Food, Land, and Climate Resilience
Lauriston Farm Collective, and Transition Edinburgh South & Edinburgh Community Food are reimagining local food and medicine systems. Through co-design, education, and distribution, and direct land access, they address material poverty while restoring ecosystems and influencing policy and shifting the way we approach public health.
Learning, accountability, and citywide impact
The RFF cohort is not just funded—it is held within a shared learning ecosystem. Through collective reflection, live monitoring and evaluation for action and improvement, and ongoing collaboration, organisations will track not only their individual impact but their combined effect across Edinburgh. This emphasis on “trickle-across” impact recognises that systems change is not linear. It emerges through relationships, shared insights, and the diffusion of new practices across sectors and communities.
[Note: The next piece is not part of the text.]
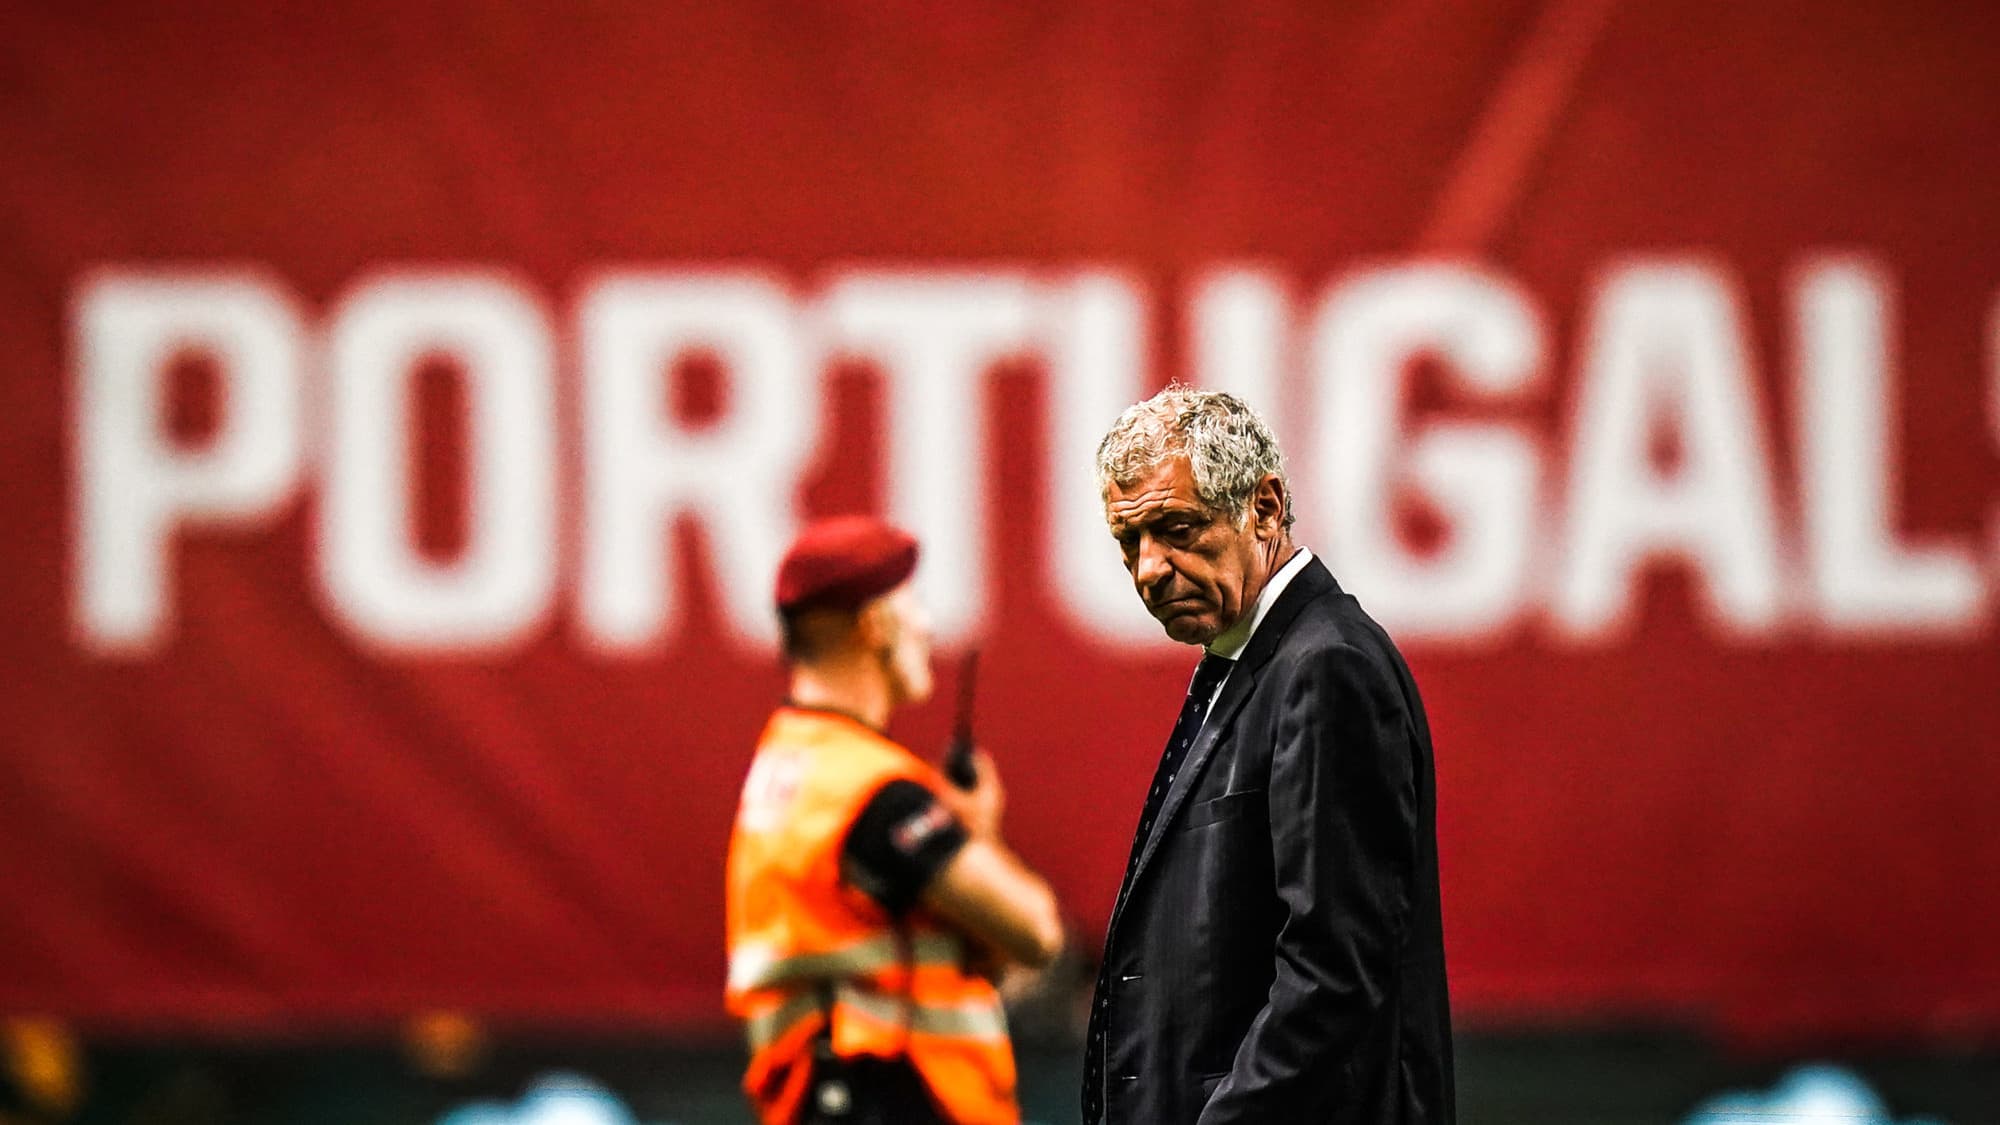 Fernando Santos will have to pay back the large sums collected from the tax authorities

This cohort marks the beginning of a long-term, citywide commitment to building a more just, regenerative, and connected Edinburgh. The work of these 11 projects cannot happen in isolation. Its growth and sustainability will depend on the continued support, solidarity, and compassion of people, organisations, and institutions across the city and beyond. We hope others will follow their work closely, engage with openness and care, and become part of the wider movement for systems change that is taking root across Edinburgh—because ending poverty is not the responsibility of communities alone, but a shared collective endeavour.